This setup allows me to trigger changes from either server/API code or writing/fixing specs and trigger full test run BEFORE restarting the server via nodemon.
Cheers!
I am using an .env file to hold environment variables for the server. This works if I run the server with foreman start. But it doesn't work with nodemon.
I would like to use nodemon instead because it restarts automatically when you modify the server. How can I get nodemon to work with .env files?
Install dotenv npm i dotenv
Create .env file and your variables inside
Add the script to execute
"dev": "nodemon -r dotenv/config ./app/index.js " or
"start": "node -r dotenv/config ./app/index.js "
Run the app using npm run dev or npm run start
I have a production Procfile with:
web: node web.js
So I have created a Procfile_dev file with:
web: nodemon web.js
And when I am at development environment I run:
$ foreman start -f Procfile_dev
It works like a charm and doesn't affect production.
You can get nodemon to directly use the .env with the following command
$: env $(cat .env) nodemon app.js
Be aware that you'll have to restart it if you make changes to .env and it won't like it if there are any spaces in your .env file.
With recent versions of Node (since io.js 1.6), you can pass it the -r flag to require a module on start.

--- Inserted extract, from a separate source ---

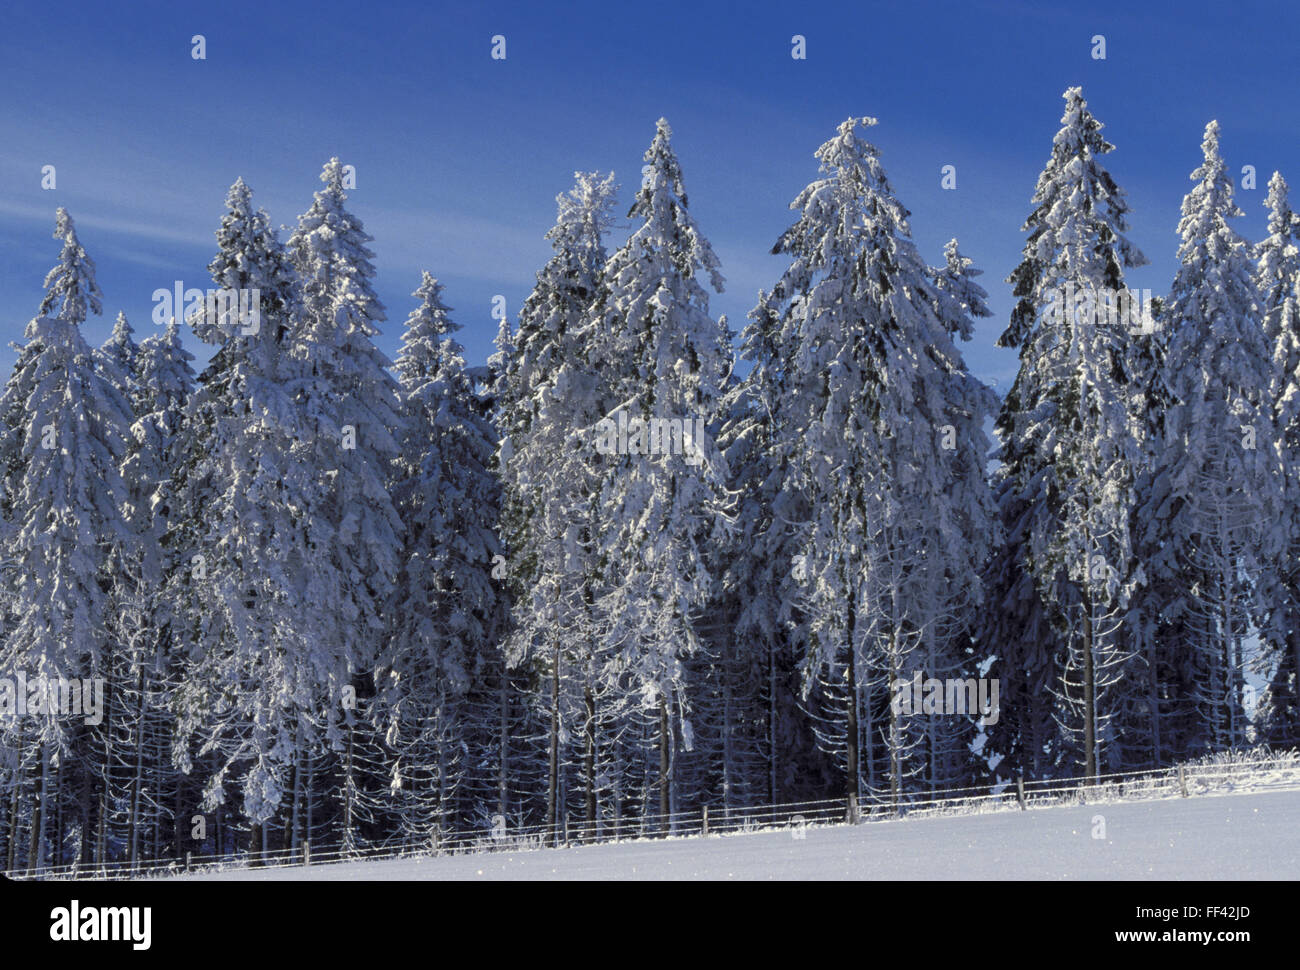 DEU, Germany, Sauerland region, snow-covered forest near the town Winterberg.  DEU, Germany, Sauerland, verschneiter Wald nahe W Stock Photo

This lets you directly load .env by using nodemon's --exec:
nodemon --exec 'node -r dotenv/config'
This requires the npm package dotenv to be installed.
Place your local configuration variables in the .env file and run foreman along with nodemon using the following command
$ foreman run nodemon web.js
This works pretty well for me so far,
nodemon -w . -w .env index.js
How it works:
"-w ." tells nodemon to watch the files in the current directory
"-w .env" tells nodemon to watch the .env file
"index.js" is just the file to run when changes occur (could be anything)
"scripts": {
"start": "node -r dotenv/config src/server.js dotenv_config_path=dev.env dotenv_config_debug=true",
"start:dev": "nodemon --exec \"npm start\""
}
In my case the .env file is used for development and not deployment. So I wanted my code to be decoupled from the .env file. Ideally I didn't want to import 'dotenv/config' anywhere in my code. This is my solution:
My nodemon config:
{
"watch": [
"src",
".env"
],
"ext": ".ts",
"exec": "ts-node -r dotenv/config ./src/index.ts"
}
My NPM script:
"start:dev": "nodemon"
In this solution ts-node requires dotenv, which sets up the environment variables before the main app starts. This means that nowhere in my code do I need a import 'dotenv/config'. dotenv can become a dev dependency, and this also prevents dotenv to be loaded at all once the code is deployed.
Thread necromancy!
Use grunt-env to load environmental variables from your heroku config.
In Three steps
Creating the file on root folder > .env
# .env ======
PORT=5000
WHO_AM_I="Who Knows"
Install the dotenv
Run below command
"dev": "nodemon -r dotenv/config src/app.js"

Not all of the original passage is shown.